You are in emergency mode. After loggin in type "journalctl -xb" to view
system logs, "systemctl reboot" to reboot, or "exit"
to continue bootup.

For context - /data/vault is a mount point for mdadm RAID5 configuration. It was my first time being faced with probable RAID failure. At first I even considered a broken drive, which was not the case.

Solution

TL;DR
# add to your /etc/fstab nofail flag
# (optional step to boot to your system)
UUID=<uuid> <path> <fs>  rw,nofail,noatime <dump> <fsck>
                            ^----^
# ensure your system is up to date
$ sudo pacman -Syu

# ensure file /etc/mdadm.conf exists
$ cat /etc/mdadm.conf

# if it doesn't
# assemble your raid (adjust the command according to your array)
$ sudo mdadm --assemble /dev/md/raid5array /dev/sda1 /dev/sdb1 /dev/sdc1

# and generate the /etc/mdadm.conf file
$ sudo mdadm --detail --scan | sudo tee /etc/mdadm.conf

# in case any of the commands above fail
# ensure you have kernel modules loaded
$ sudo modprobe raid456

# along with that ensure your
# /etc/mkinitcpio.conf
# has mdadm_udev attached to the hooks
$ grep HOOKS /etc/mkinitcpio.conf
HOOKS=(base udev <...> block mdadm_udev lvm2 filesystems fsck)
                             ^--------^

# then regenerate mkinitcpio
$ sudo mkinitcpio -P

# after that - attempt those same commands again i.e.
$ sudo mdadm --assemble /dev/md/raid5array /dev/sda1 /dev/sdb1 /dev/sdc1
$ sudo mdadm --detail --scan | sudo tee /etc/mdadm.conf

# at this point - problem should be fixed
# try to reboot; in case of any problems it might be a good idea to run
$ sudo pacman -Syu

#### auxiliary commands ####
# in case modprobe fails
# if it fails - check whether modules exist in your kernel at all
$ find /lib/modules/$(uname -r) -name "raid456*"
$ ls -al /sys/module/md_mod

# this should be packed along with your kernel
# if you don't have it:
# - ensure your kernel is up to date;
# - ensure your mdadm is up to date
$ pacman -Qo /lib/modules/$(uname -r)/kernel/drivers/md/raid456.ko.zst
/usr/lib/modules/.../raid456.ko.zst is owned by linux-zen 6.18.13.zen1-1
$ pacman -Syu mdadm

# and try updating
$ pacman -Syu

To investigate, I wanted to actually boot, so I typed in my root password and after a few tries I was logged in.
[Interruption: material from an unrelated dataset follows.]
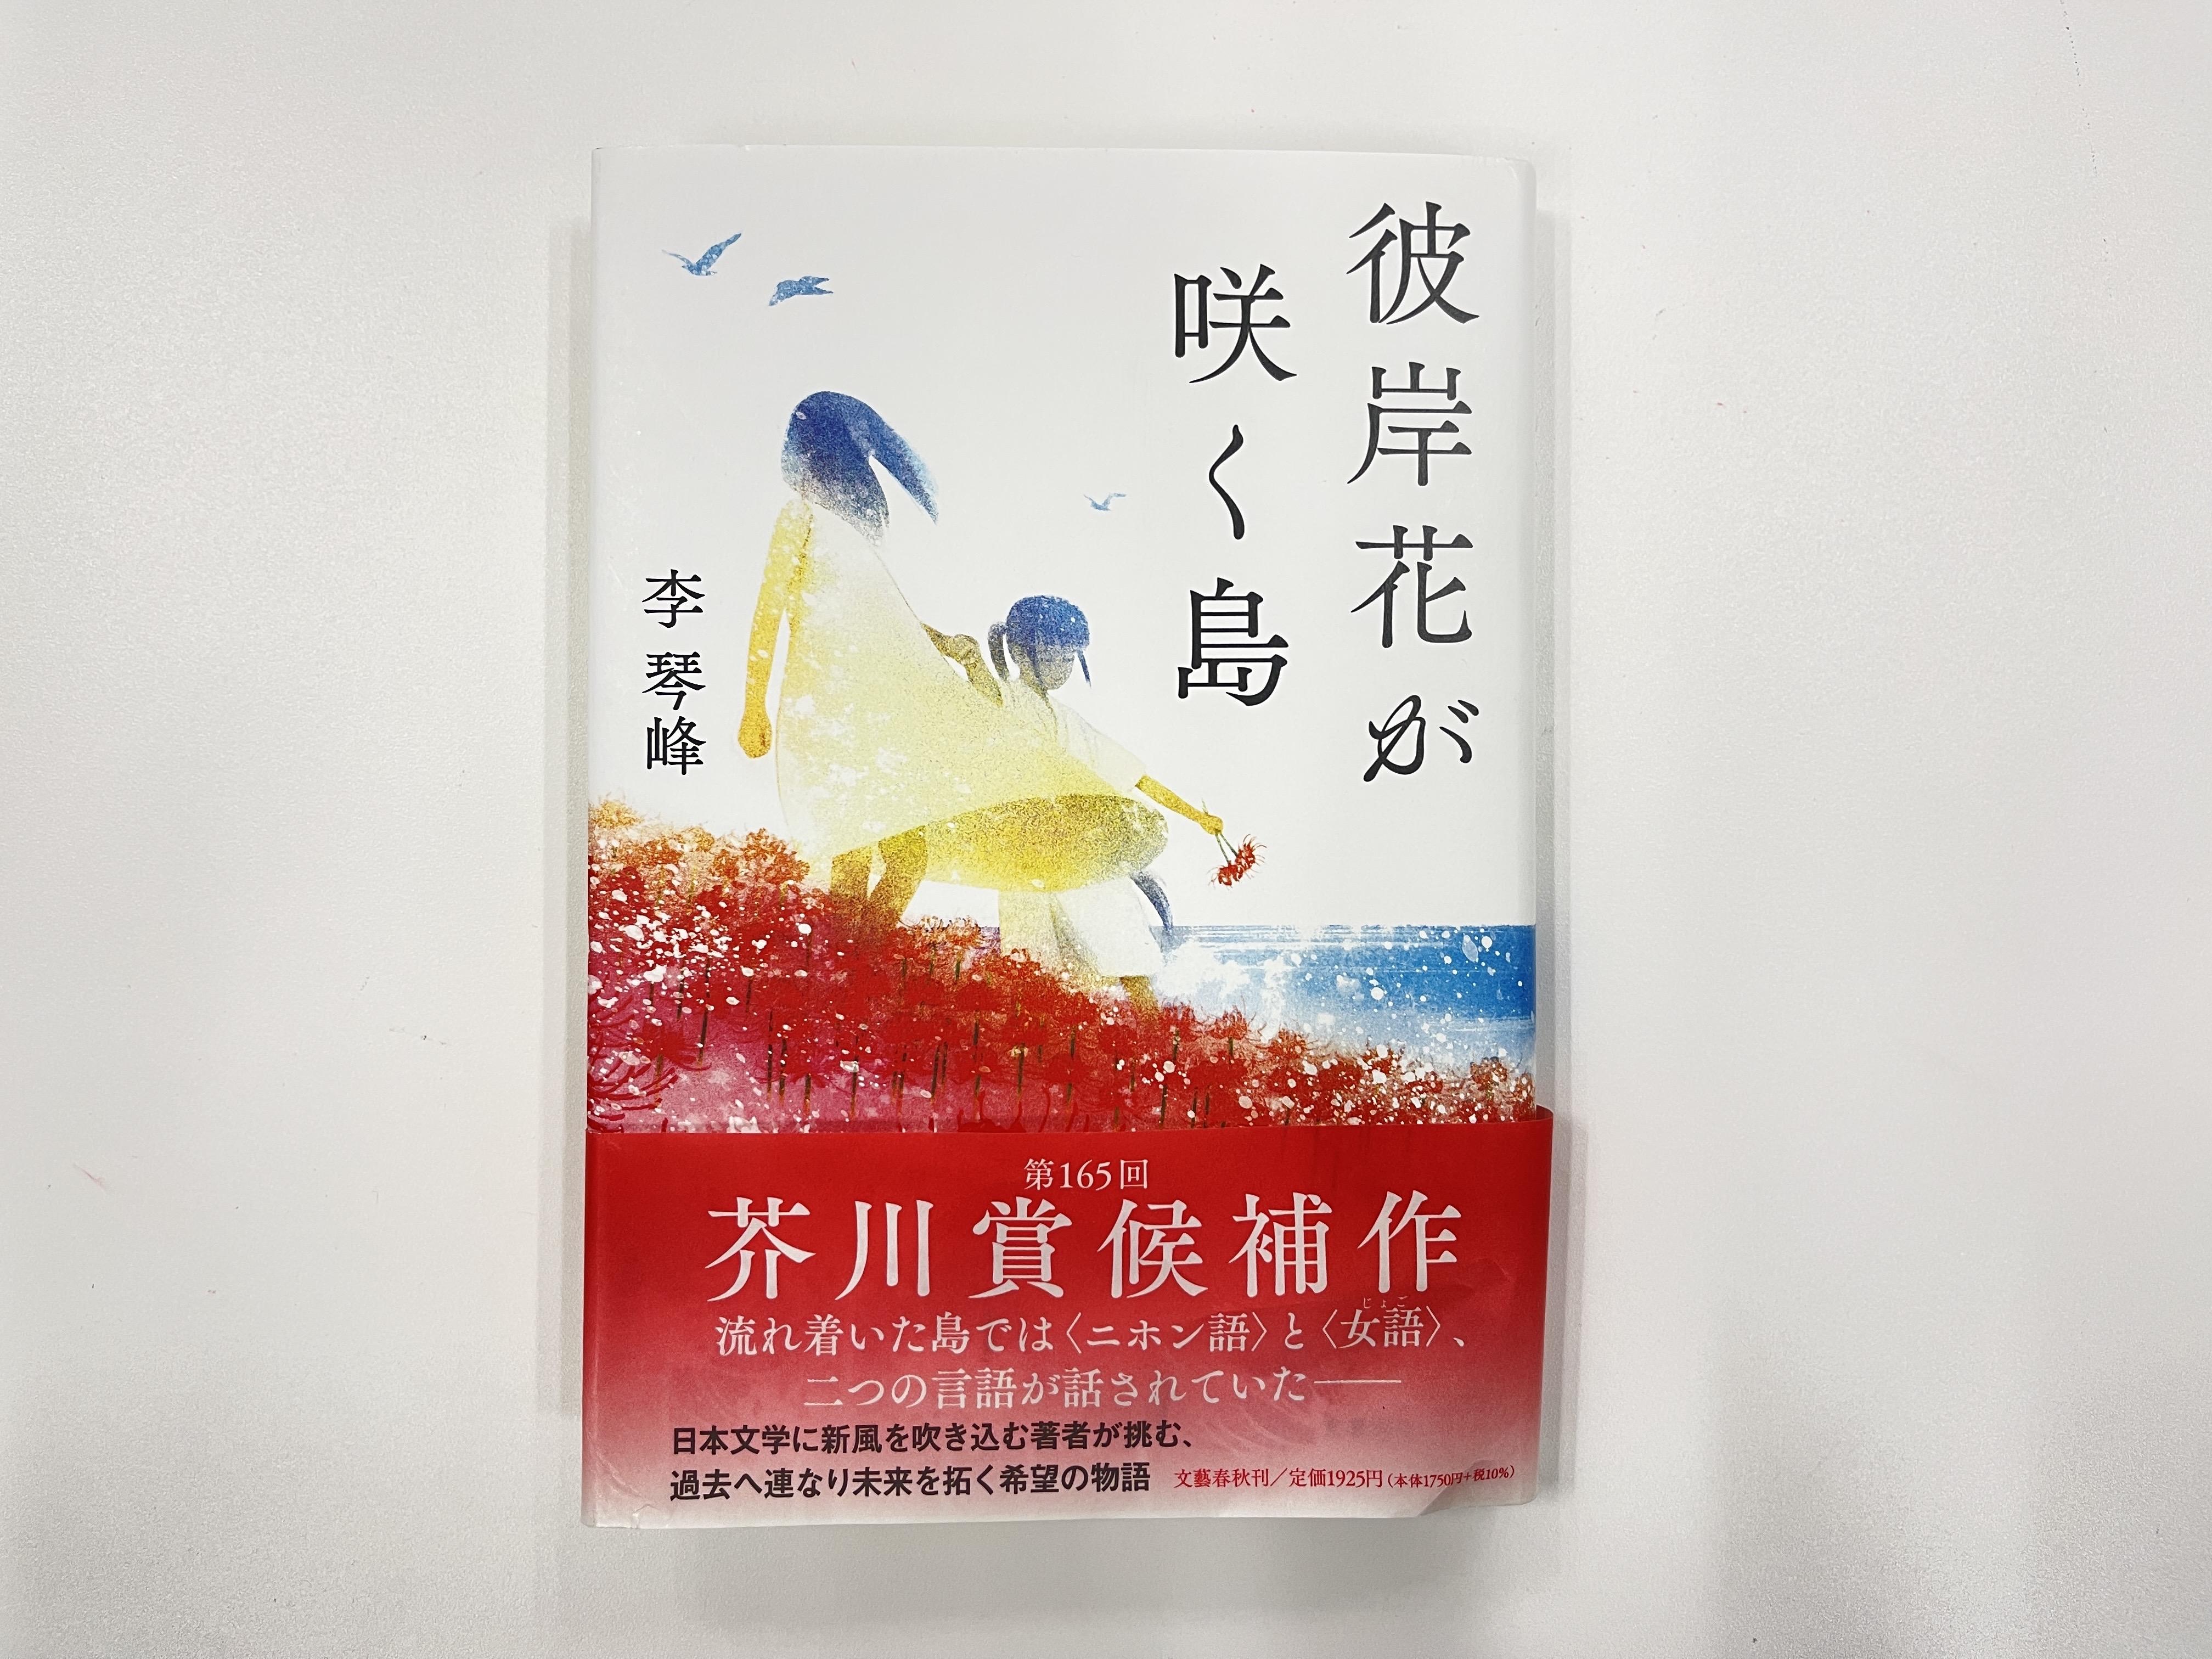 榮獲芥川獎之李琴峰作品「彼岸花盛開之島」於6月在日本出版後廣受好評.jpg

There I added nofail to the flags in /etc/fstab for the RAID mount and rebooted.

After that I tried lsblk:

NAME            FSTYPE            FSVER    LABEL                       UUID
sda
└─sda1          linux_raid_member 1.2      research-station:raid5array 893ea1a0...
sdb
└─sdb1          linux_raid_member 1.2      research-station:raid5array 893ea1a0...
sdc
└─sdc1          linux_raid_member 1.2      research-station:raid5array 893ea1a0...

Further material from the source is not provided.